> EXERCISE: Your reply should reproduce the data below without a single alteration, apart from dropping the images.

> DATA PROVIDED:

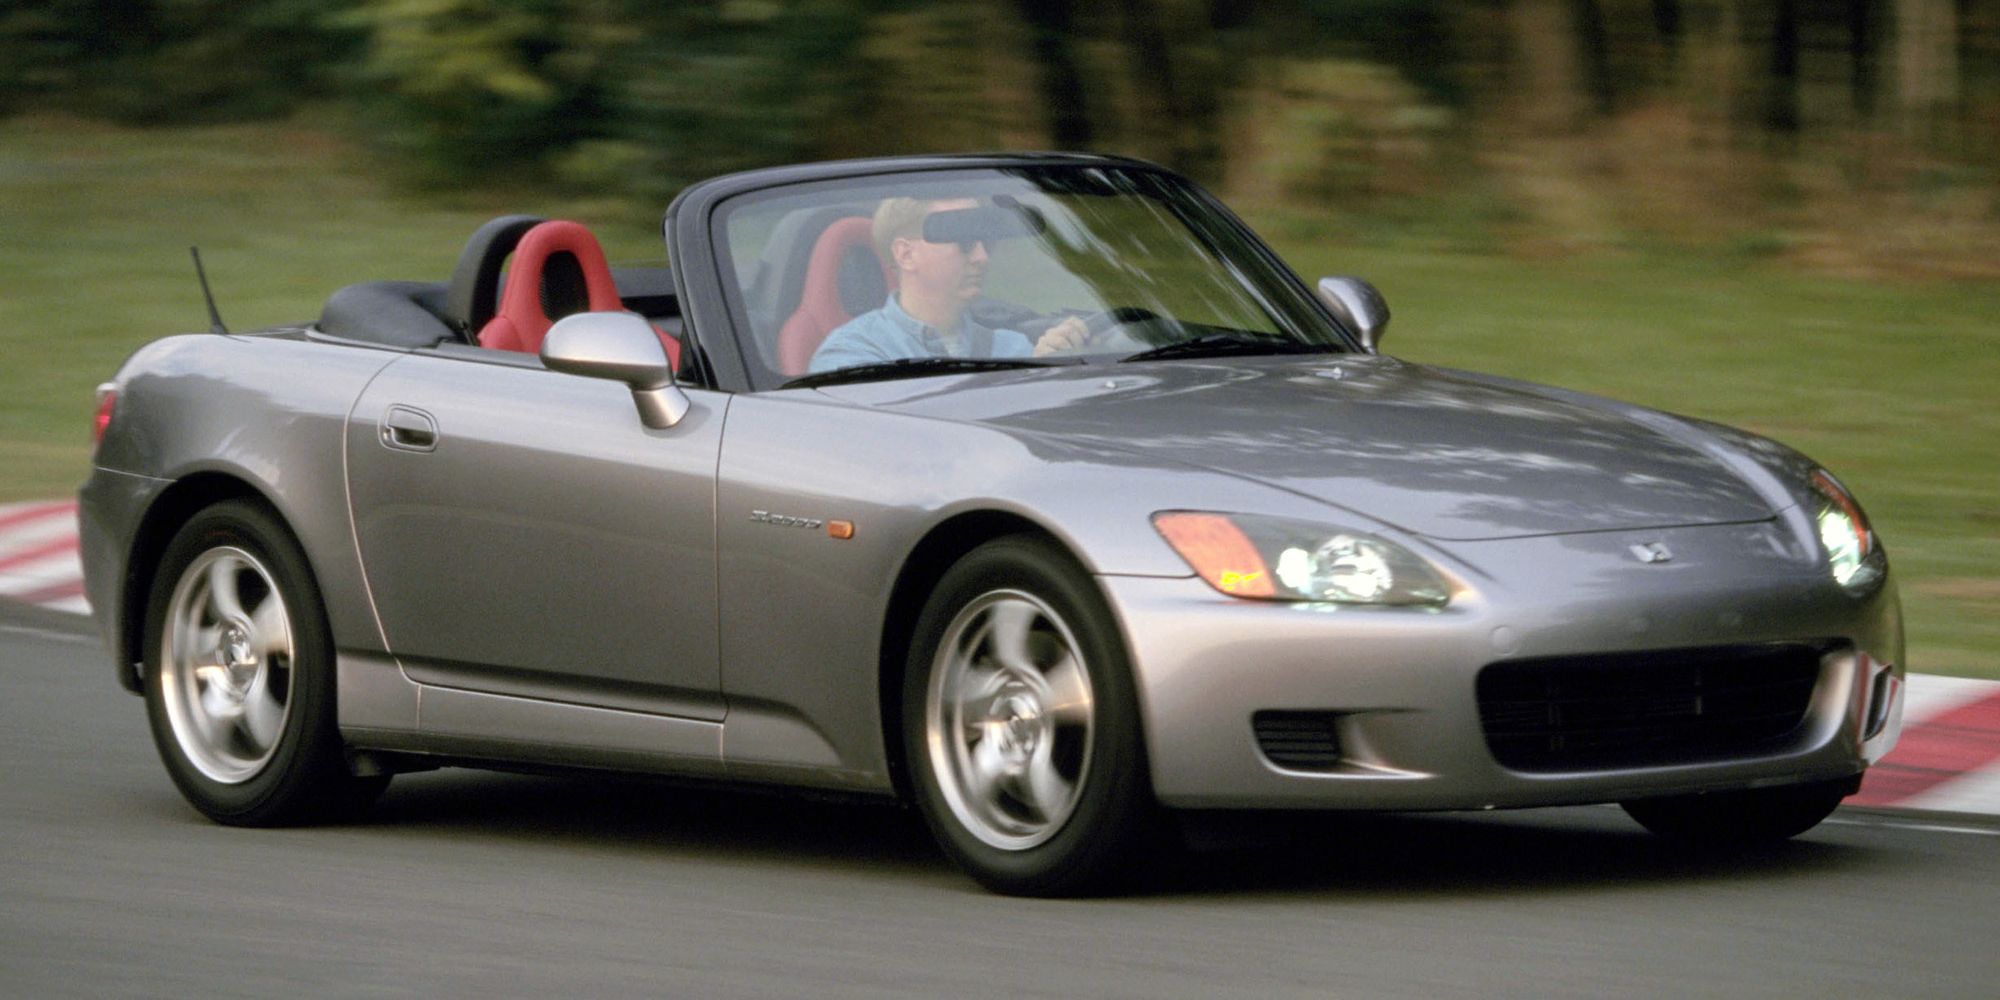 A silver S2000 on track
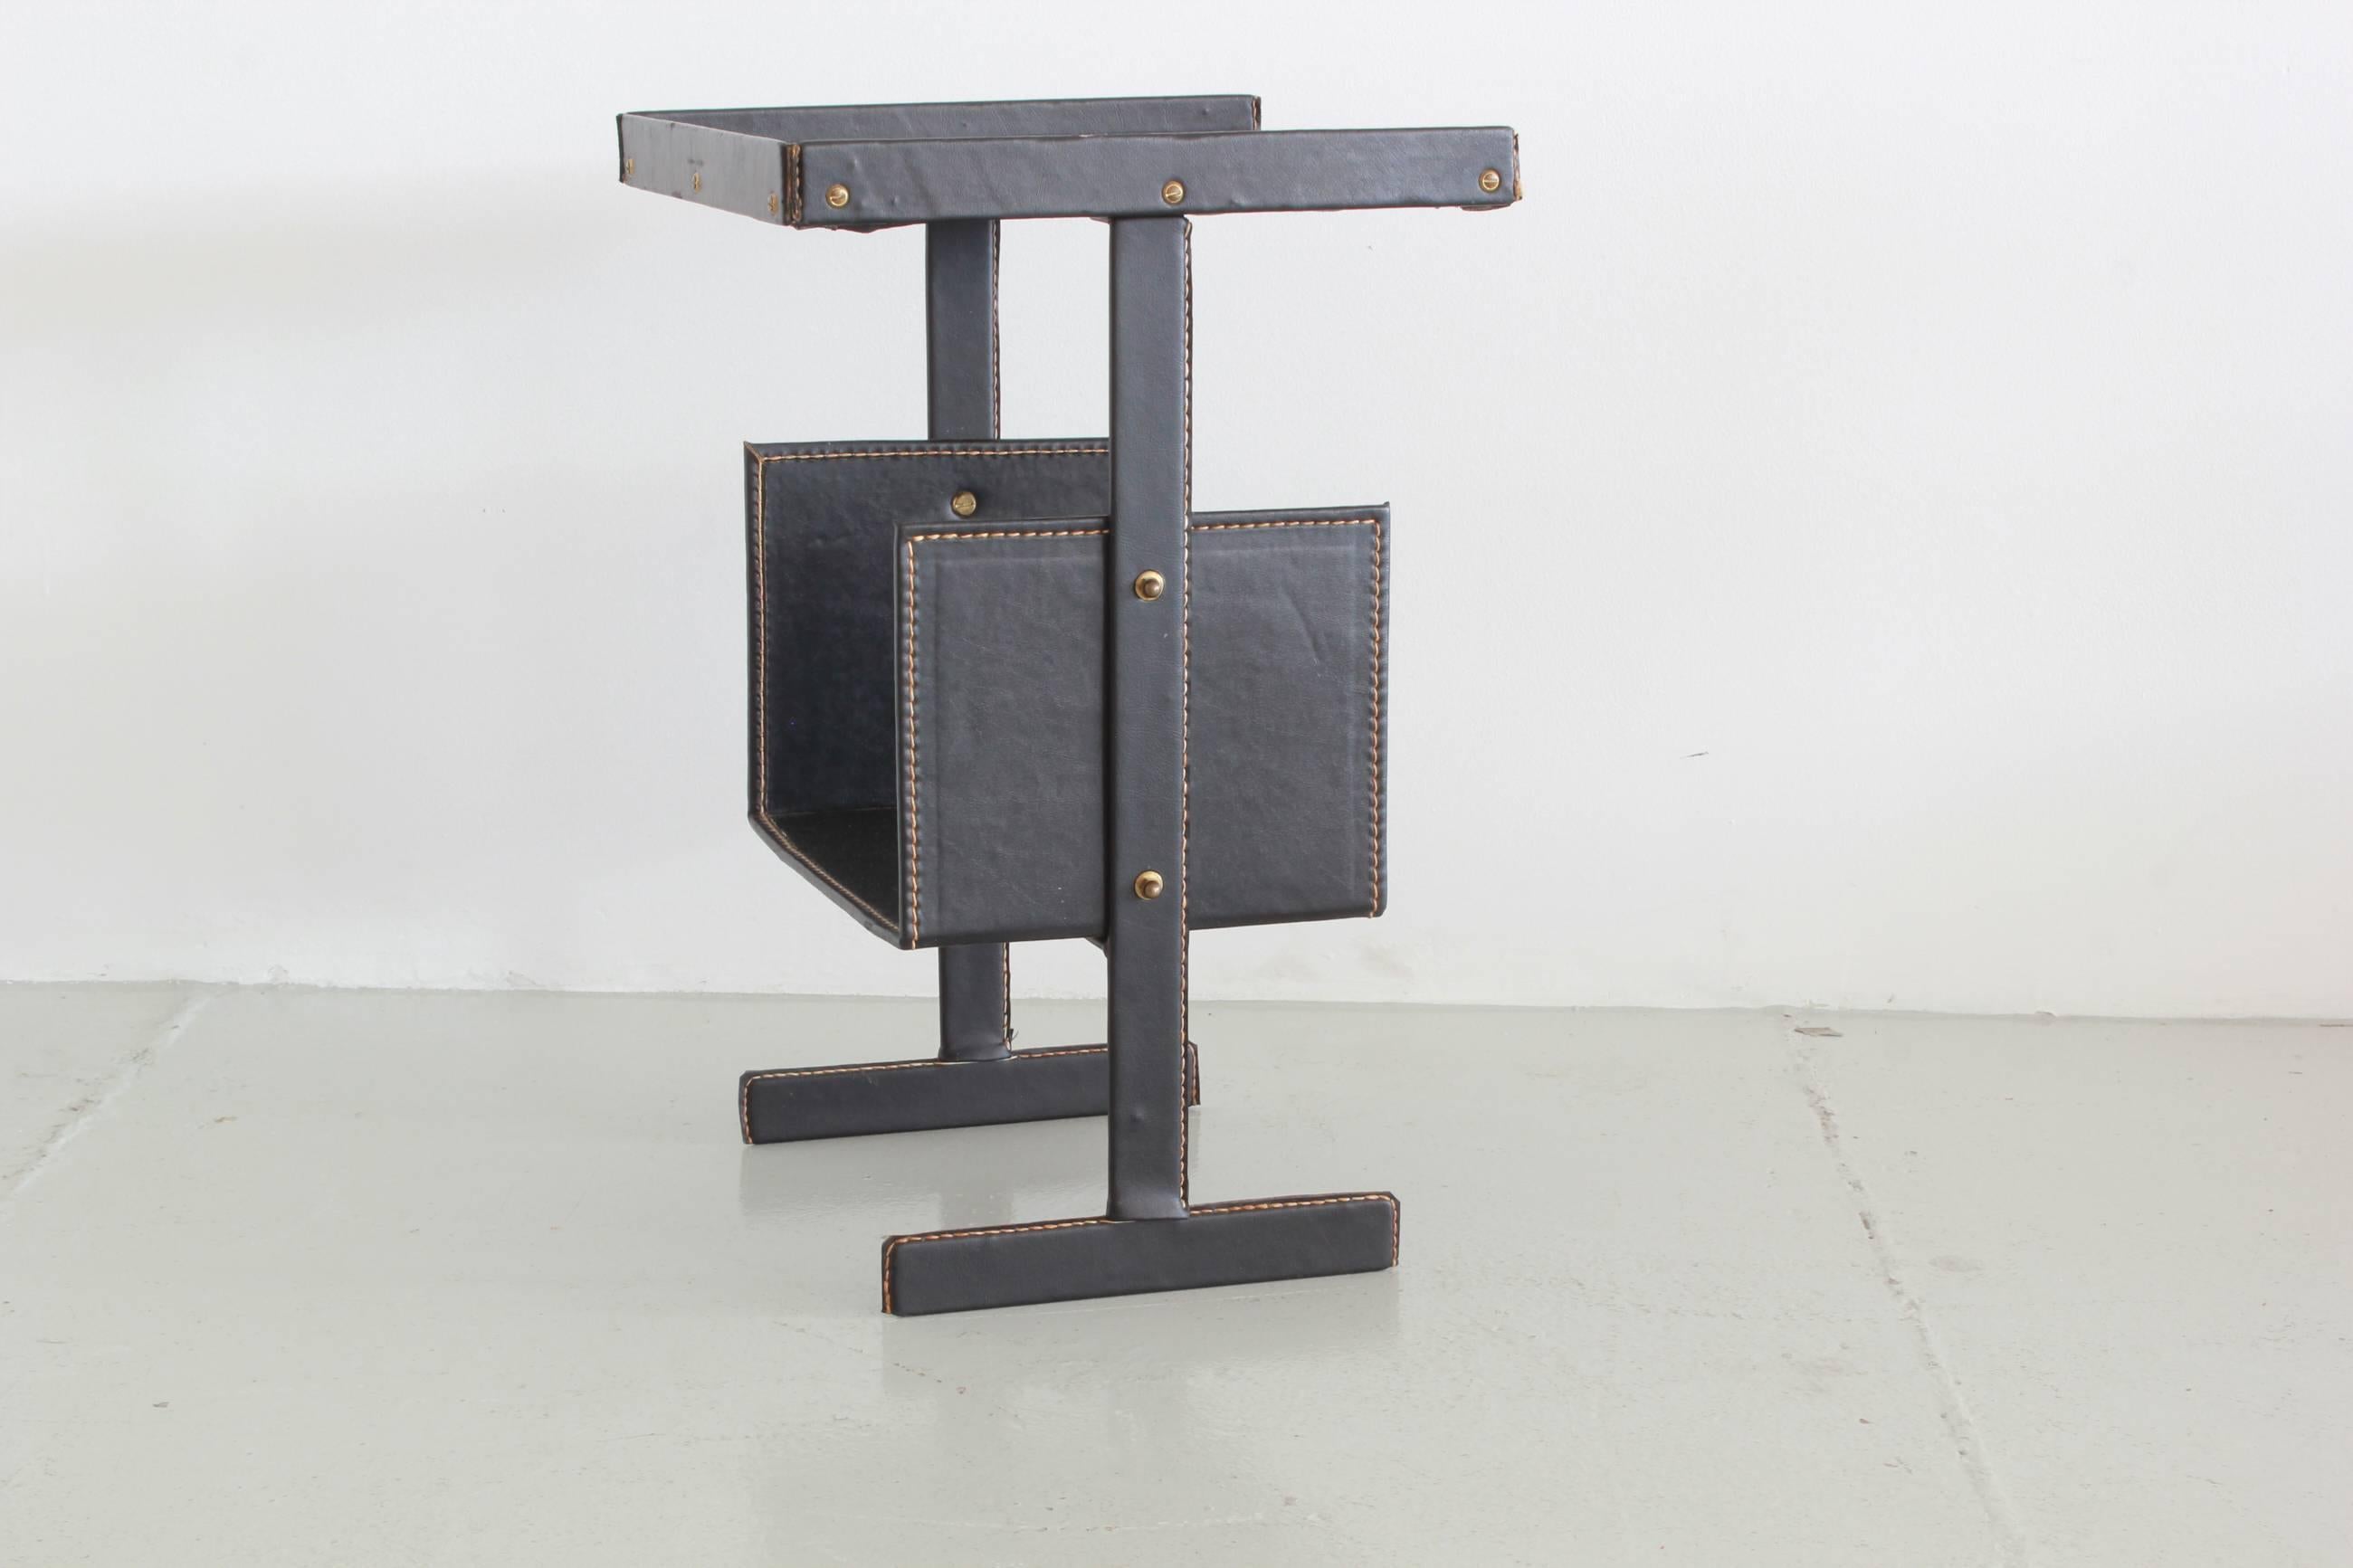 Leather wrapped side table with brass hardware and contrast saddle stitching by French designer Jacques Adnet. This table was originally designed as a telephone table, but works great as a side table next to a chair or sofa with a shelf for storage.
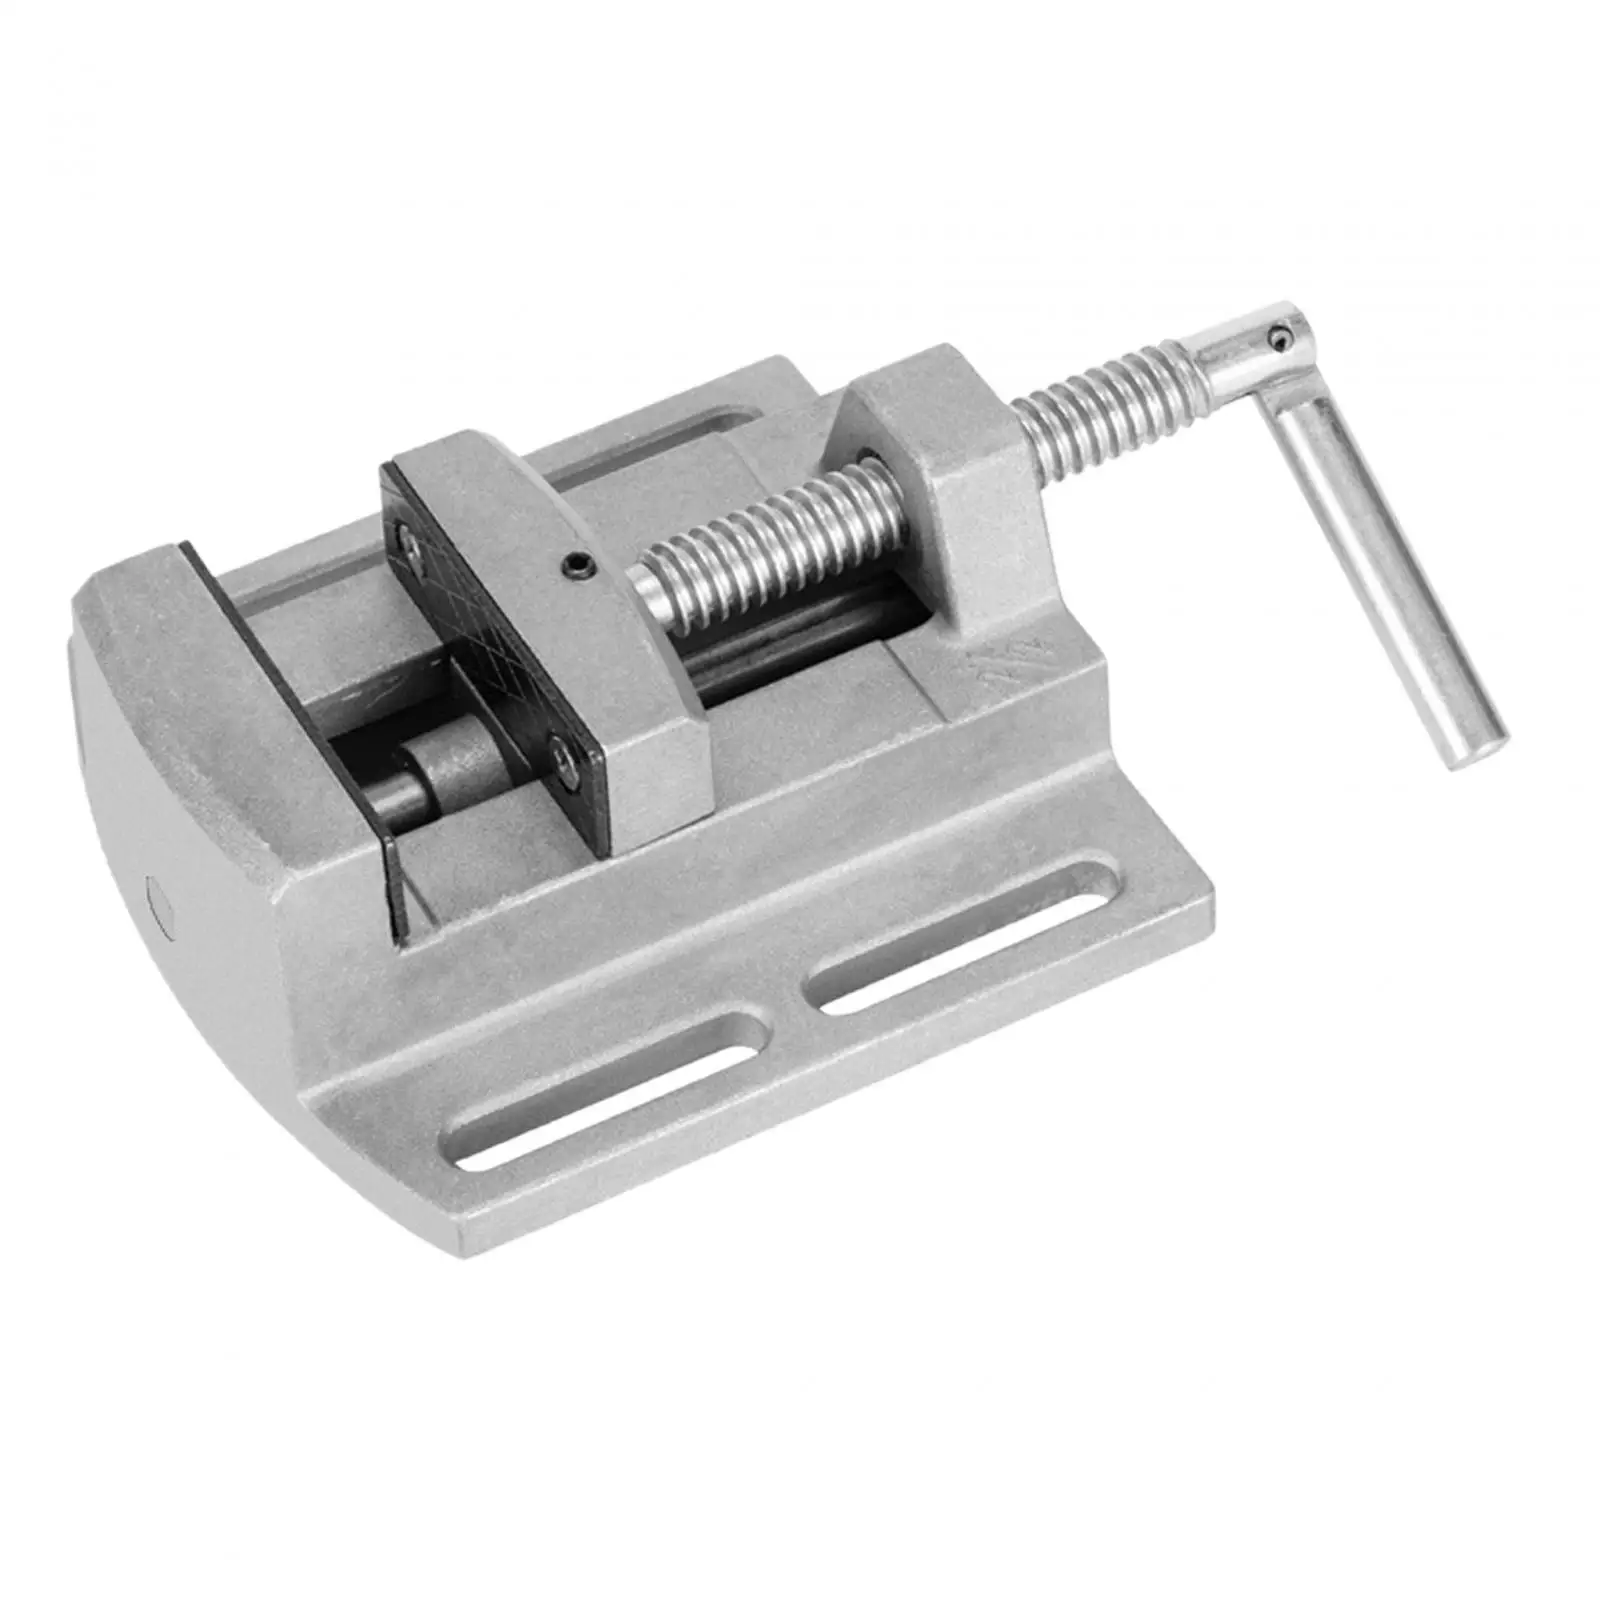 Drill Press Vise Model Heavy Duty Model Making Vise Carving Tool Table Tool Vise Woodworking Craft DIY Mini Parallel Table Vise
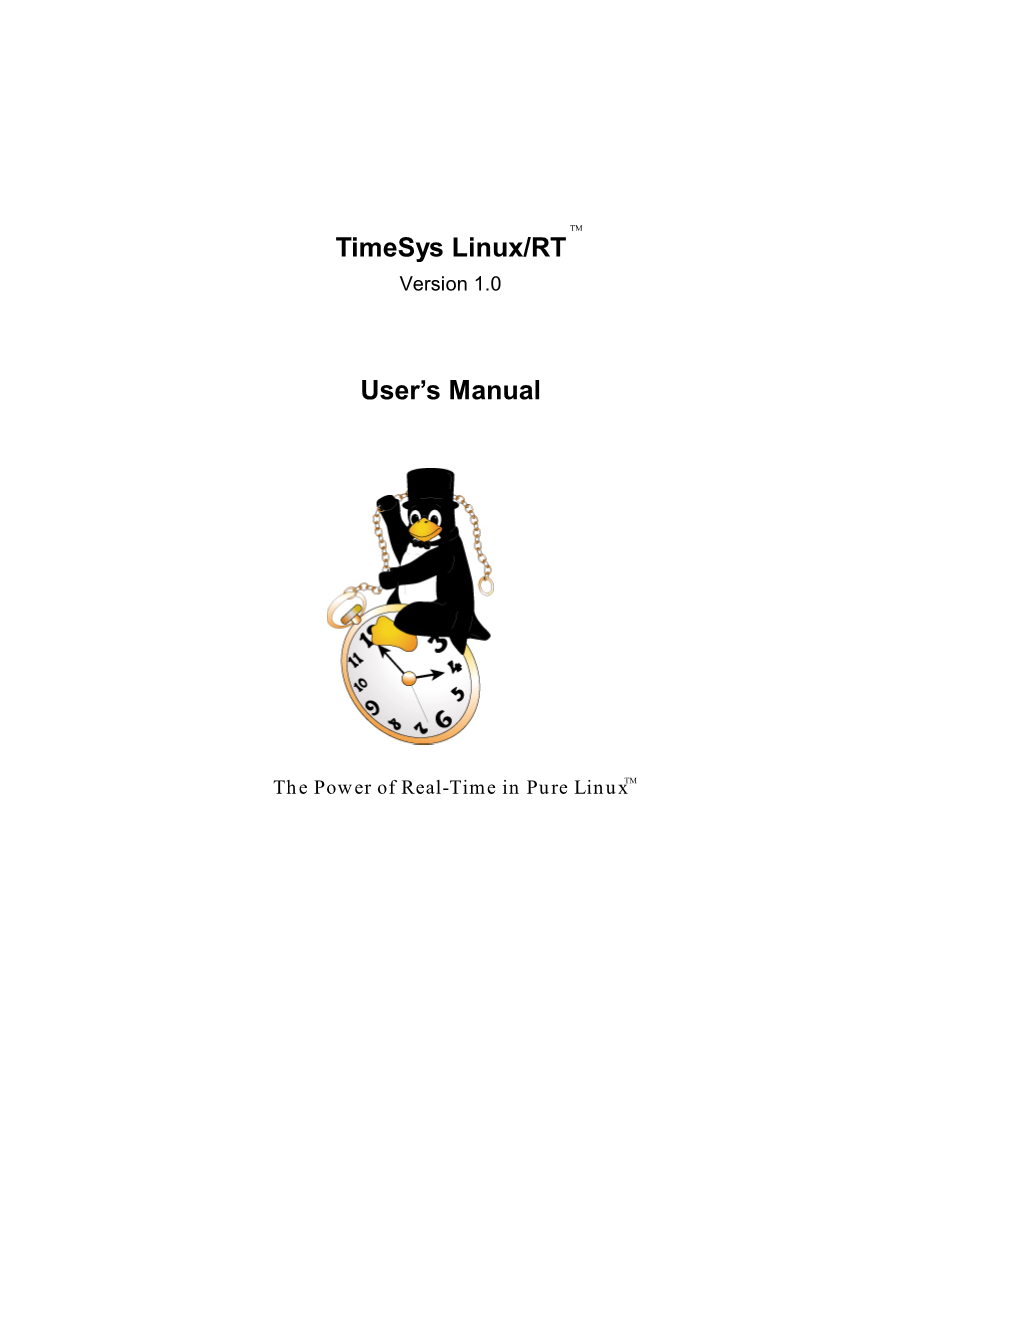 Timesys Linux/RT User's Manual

> TASK SOLUTION:
 A silver S2000 on track
 Leather wrapped side table with brass hardware and contrast saddle stitching by French designer Jacques Adnet. This table was originally designed as a telephone table, but works great as a side table next to a chair or sofa with a shelf for storage.
 Drill Press Vise Model Heavy Duty Model Making Vise Carving Tool Table Tool Vise Woodworking Craft DIY Mini Parallel Table Vise
 Timesys Linux/RT User's Manual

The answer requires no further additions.